Saldırı Diereleri, Thureos Mızrakçıları
Yetiştirme Maliyeti | 410 | |
Bakım Masrafı | 82 | |
Gemi Sağlığı | 566 | |
Gemi Hızı | 6 | |
Yakın Muh. Saldırısı | 24 | |
Silah Hasarı | 25 | |
Yakın Muh. Savunması | 55 | |
Zırh | 70 | |
Sağlık | 50 |
Kabiliyetler
Güçler & Zayıflıklar
- Çok zayıf omurga gücü
- Çok hafif mürettebat
- Yüksek hız
- Zayıf tokmaklama
- İyi bindirme
- İyi savunma birimi
- Düşük hasar ancak ortalama zırh delimi
- Ortalama saldırı
- Normal Moral
Tanım
Su düzeyi mahmuzları, bir tekneye ilk defa MÖ 850 dolaylarında takılmıştı. Savaş gemileri ve donanma taktikleri biçim değiştirmişti. Gemiler artık su üzerinde piyade savaşları için bir zemin değillerdi; geminin kendisi bir silaha dönüştü. Yeni gerçeklik çöktükçe gemiler değişti. Hızlı tokmaklama bir düşmanı delecek ve batıracaktı, bu nedenle daha ince, hızlı ve kullanışlı gemiler gerekiyordu. Daha fazla hıza olan talep, açıkça daha fazla küreğe ihtiyaç duyuyordu, tek dizi kürekli hızlı gemilerin uzun zaman sonra pratikten yoksun ve aptalca oldukları anlaşıldı. O zaman çözüm, ilkinin üzerine ikinci bir kürek seti yerleştirmekti, lakin kürekçilerin oturma sıralarına olanak sağlamak için iyice denkleştirilmiş bir halde. "İki kürek setli" anlamına gelen Latince bir kelime olan biremelerin, ya da Yunanca karşılığı dierelerin, daha önceki tasarımlardan, iki katı kürekçiye sahip olmaktan başka farkları yoktu. Hareket kabiliyetleri yüksek ve hızlılardı ve de savaşan bir takım taşıyabilirlerdi. Bazı uluslar, bireme mürettebatlarına ayrıca ateş çömlekleri verdiler, bu kil çömlekler yağ ve ziftle doldurulur ve tamamiyle mantıklı bir umutla, düşman gemilerini ateşe vermek için fırlatılırlardı.
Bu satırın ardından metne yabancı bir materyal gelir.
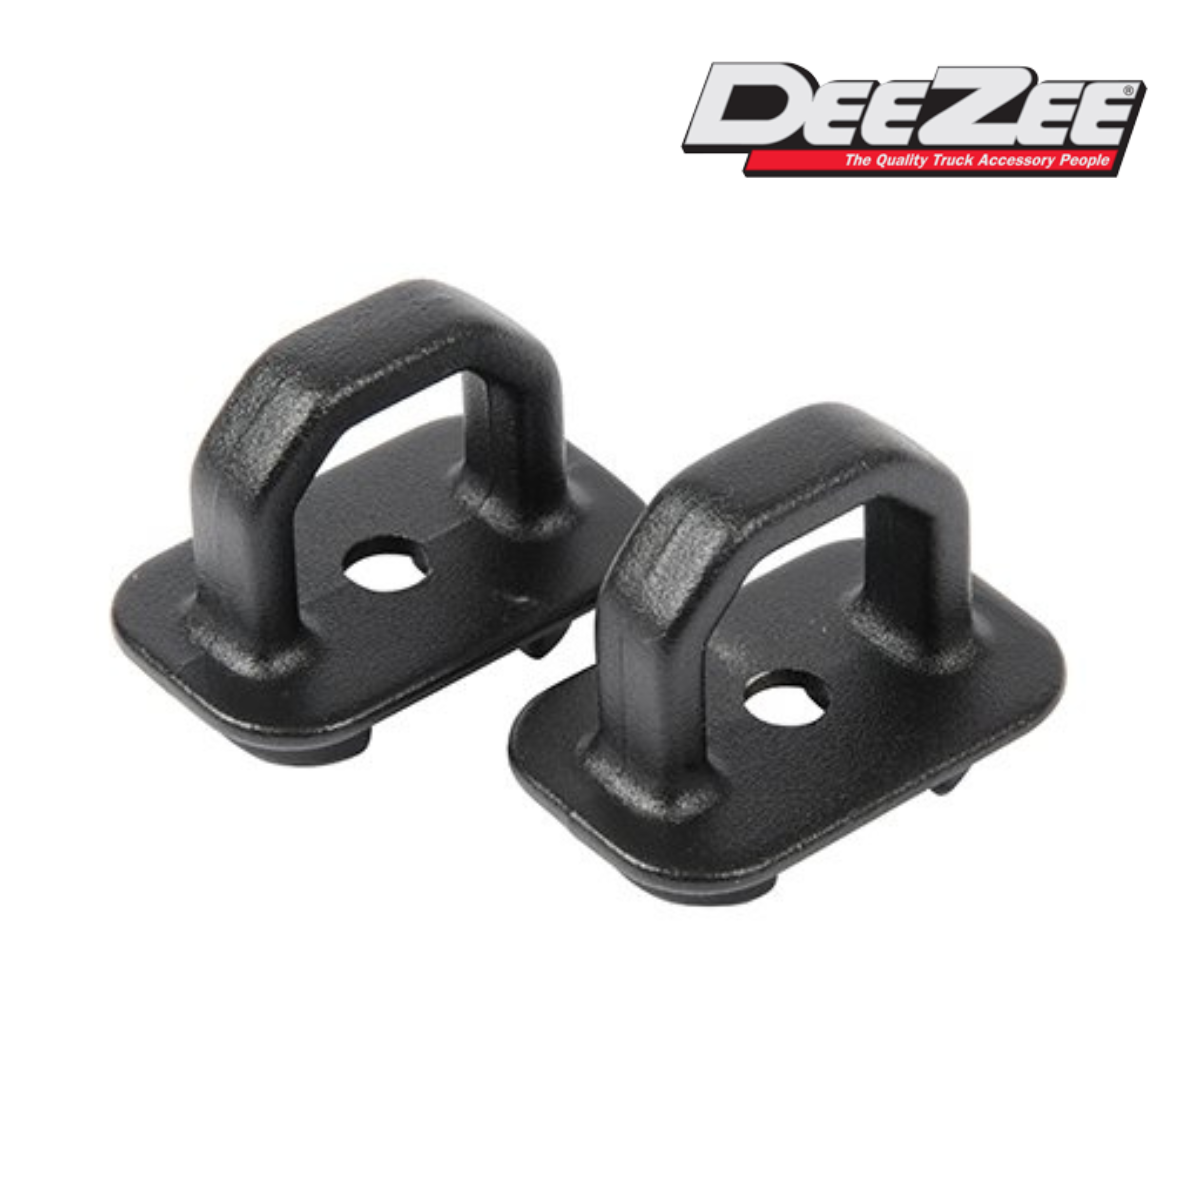 Secure your cargo with Dee Zee’s Truck Bed Tie Downs. Dee Zee’s Truck Bed Tie Downs create easy and solid anchor points to secure your cargo properly. The tie downs don’t need drilling as they fit into existing truck bed locations for Gm, Ram and Ford trucks, with all mounting hardware included for an easy install. Dee Zee Tie Downs are sold in pairs, made of cast aluminum with a black powder coated finish in the USA and rated for the maximum strength of your truck bed. Visit us to keep your cargo secure with Dee Zee’s Truck Bed Tie Downs.

Hafif Yunan piyadeleri olan thureophorolar, MÖ 4. yüzyılın başlarında ortaya çıktılar ve çatışan peltastlarla falankslar arasındaki boşluğu idare ettiler. İsimlerini geniş oval kalkanları thuerostan alan bu askerler, geleneksel Trakya ve Yunan peltastlarından daha ağır zırhlanmışlardı. Hem hücum edebilir hem de bir falanks gibi düzen alabilirlerdi ve kanatları muhafaza etmek ve diğer hafif birlikleri korumak için kullanılırlardı. Genellikle ahşaptan yapılma ve deriyle kaplı kalkanları, düşey bir omurgayla ve ıskarmoz benzeri bir şeritle korunan merkezi bir tutacağa sahipti ve zamanının Kelt ya da Roma kalkanlarından ilham almış olabilirdi. Daha uzun olan sarissa gibi, thureophoroların kullandıkları mızraklar, denge sağlaması için ağır bir dipçik miline sahipti, ama bu aynı zamanda onların eğer bunları kuşanmışlarsa, mızraklarını yere saplayarak cirit atabilmelerine de olanak sağlardı. Çok çeşitli vazifeleri yerine getirebilen thureophorolar, Büyük İskender ve II. Filip'in Makedonya falanksları onları gölgede bırakana kadar, Yunan şehir devletlerinin hem yurttaş hem de paralı birimleri arasında kendilerine geniş yer bulurlardı.